The Rev John Stott has died. To many reading this, that may not mean much, but John Stott was had a phenomenal influence on the church and it would be wrong not to mark his passing.

Stott was, for almost all of his ministry, connected with All Souls, Langham Place in London. He was first its curate and then its rector and will be remembered there as a great preacher, whose expository sermons helped to build up that congregation into a powerhouse of the modern Evangelical movement.

People are sometimes surprised at the diversity that is found within Anglicanism. John Stott was one of those who can be credited with keeping it so. It was he who argued convincingly over and against other voices who called for the Evangelicals within the various churches to leave and group together. Though he kept Evangelicals within Anglicanism he also was one of the primary hands behind the Laussanne Covenant, a totemic doctrinal document of the wider Evangelical Movement. That document would have been the kind of thing that all kinds of churches, networks and structures that I once belonged to looked to for inspiration and to codify a certain set of beliefs which would then be held as definitive touchstone of orthodoxy. As I look at it now it looks more like a collection of the things that John Stott might have wished had been in the classic creeds of the historical church but oddly could not find present there.

So influential was John Stott that it was sometimes said that if the Evangelicals had a papacy they would elect John Stott as Pope. In marking his passing I would want to acknowledge that stature but also to remember the consequences of the use to which he put his phenomenal intellect. Already I’ve seen posts on twitter from people remembering the real and lasting harm done to them by reading John Stott’s writings about human sexuality and from engaging with churches which followed his teaching.

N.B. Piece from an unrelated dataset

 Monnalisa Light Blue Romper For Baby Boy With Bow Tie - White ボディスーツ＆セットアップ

His legacy is churches planted. Souls won. Thousands of preachers whose sermons benefited from his considerable intelligence. And his legacy is untold torment for who knows how many thousands. He should be remembered for all his successes, all his good intentions and yet also for the misery of ministries thwarted by those who followed his teaching on the “headship” of women and the impossibility of a Christian being in a loving, physical, faithful gay relationship.

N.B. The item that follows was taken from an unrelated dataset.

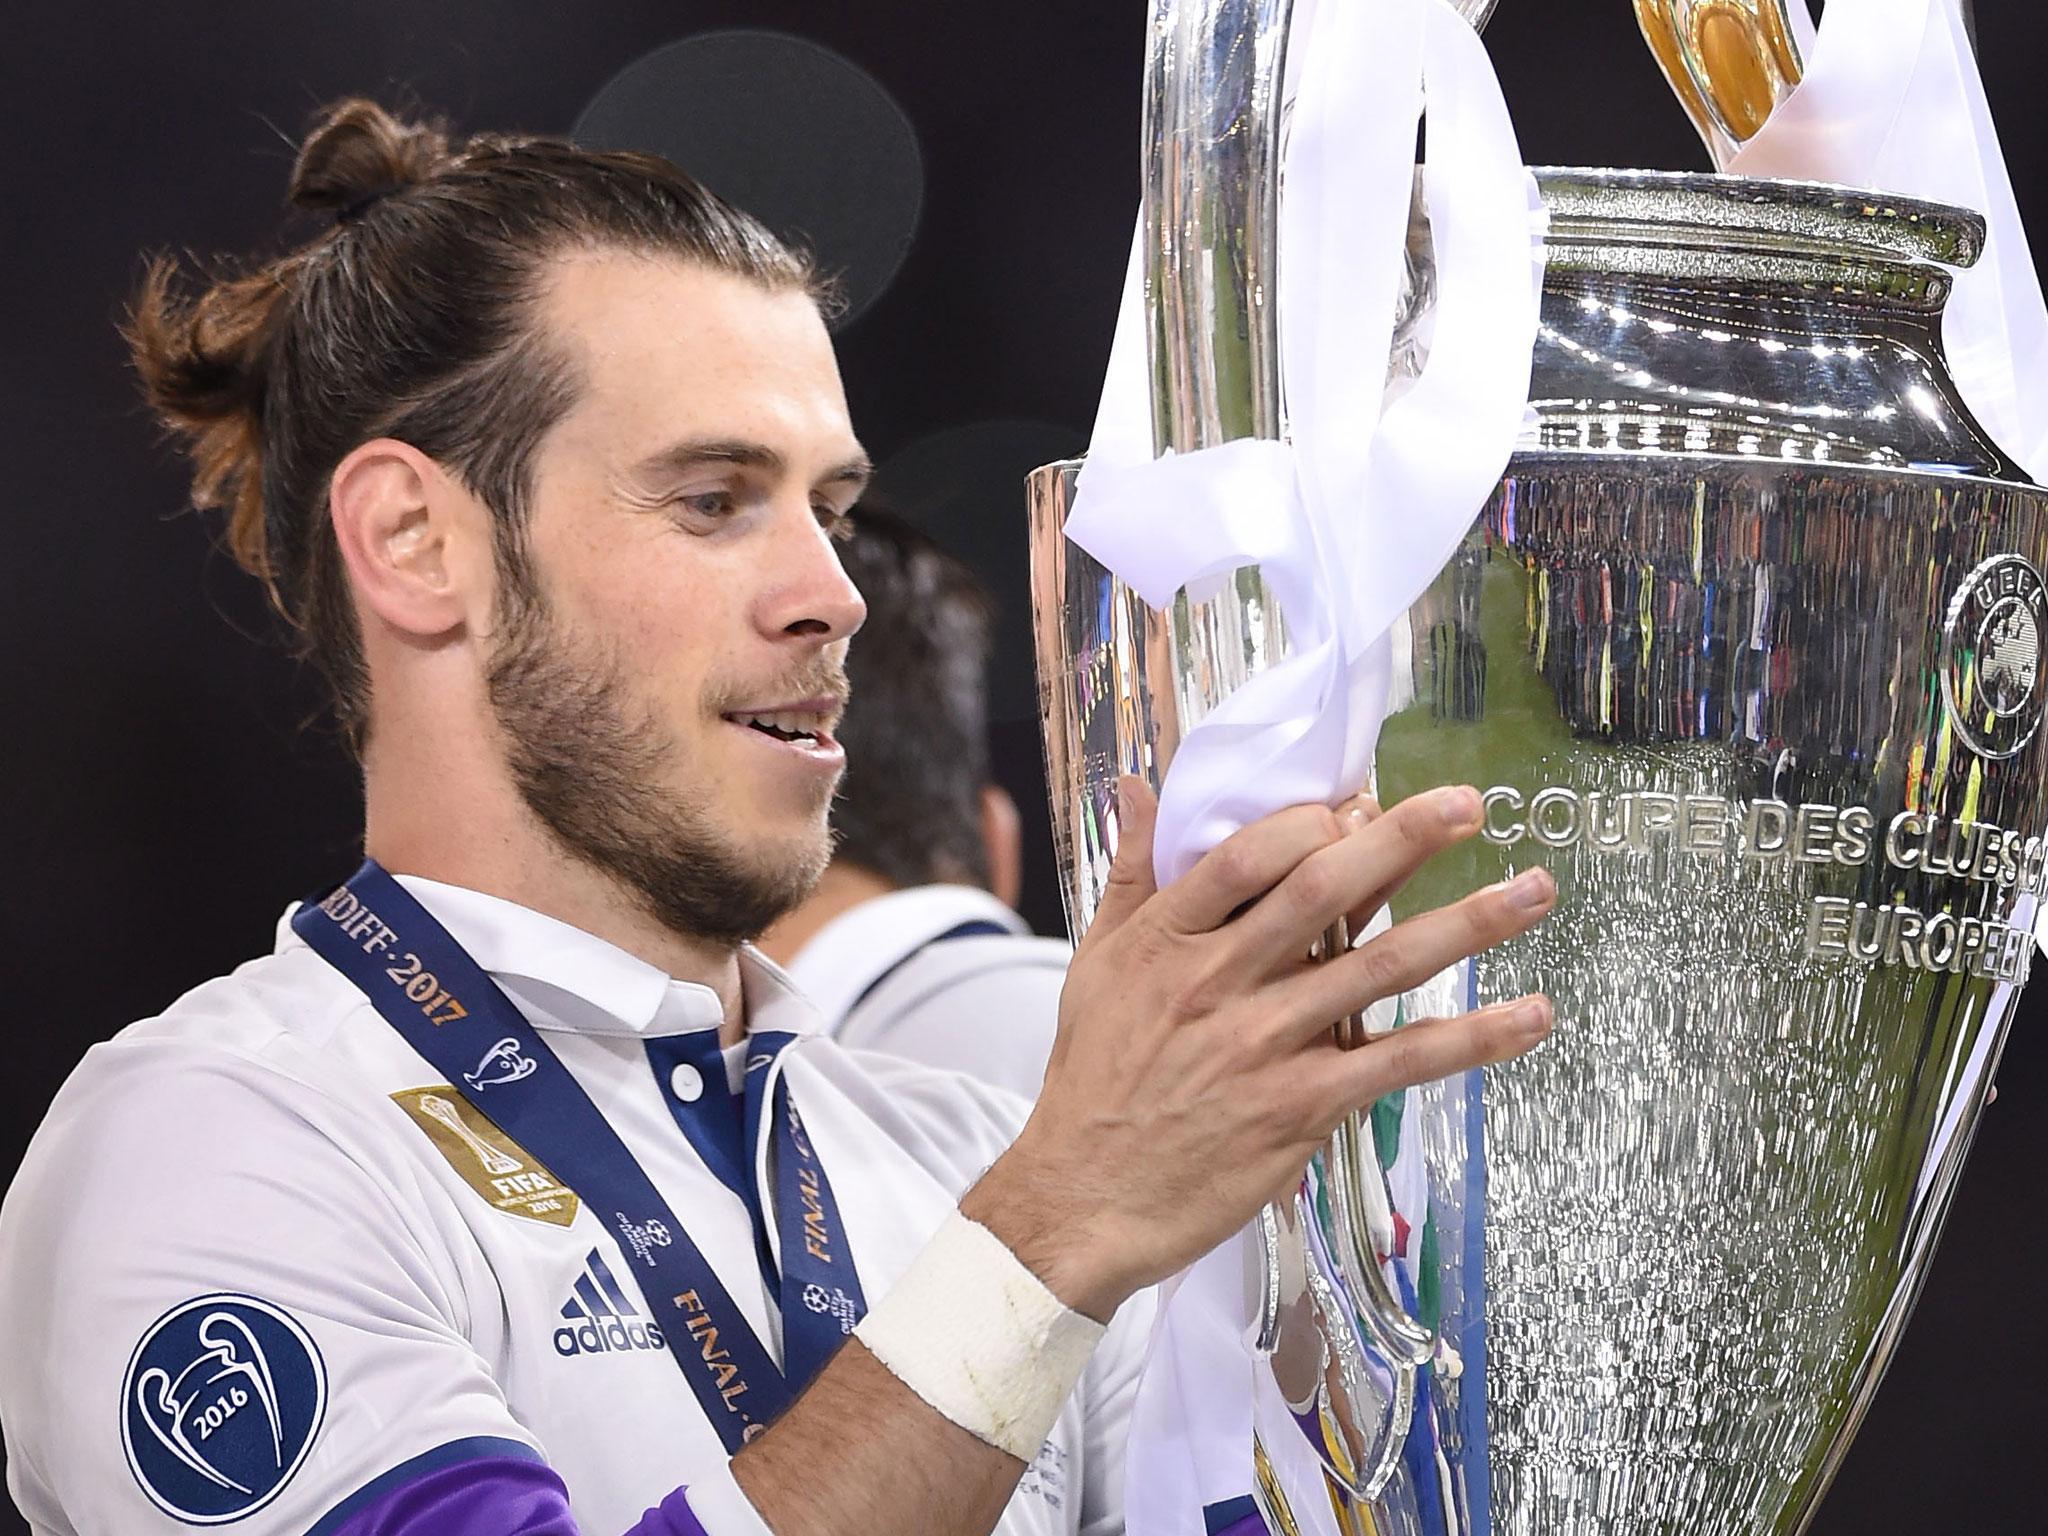 After Champions League win, future unclear for Real Madrid stars Ronaldo,  Bale

And yet, I’ve no doubt at all whilst thinking about him, that John Stott was motivated in his own way by an intense compassion, a love of God and a desire to be faithful to what he found in Scripture. He (and even more so his disciples) were the architects of a Christianity which believed itself to be utterly right and the only way to God. Such hubris will increasingly seem ever more anachronistic to many. And ever more relevant, right and true to others.

And therein lies a very great deal of our contemporary troubles in the church.

Notwithstanding all that, John Stott was rational, intelligent and one of God’s most gifted children.

May he rest in peace. And rise in glory. (And face one or two surprises).


  1. Amen.

    The ironic thing is that, between his commonsensical annihalationism and personal celibacy (instead of heterosexual marriage), a modern Stott wouldn’t last 5 minutes in the Driscoll-bound sewers of contemporary evangelicalism.

    But, as you say, RIP.

  2. I am reminded of the legacy of Francis Schaeffer.

    A brave and insightful post.

  3. Derek Buchanan says

    I remember a truly inspirational sermon he gave at St Devenicks, Bieldside, Aberdeen, about 30 years ago. Lasted about an hour, with a comfort break in the middle!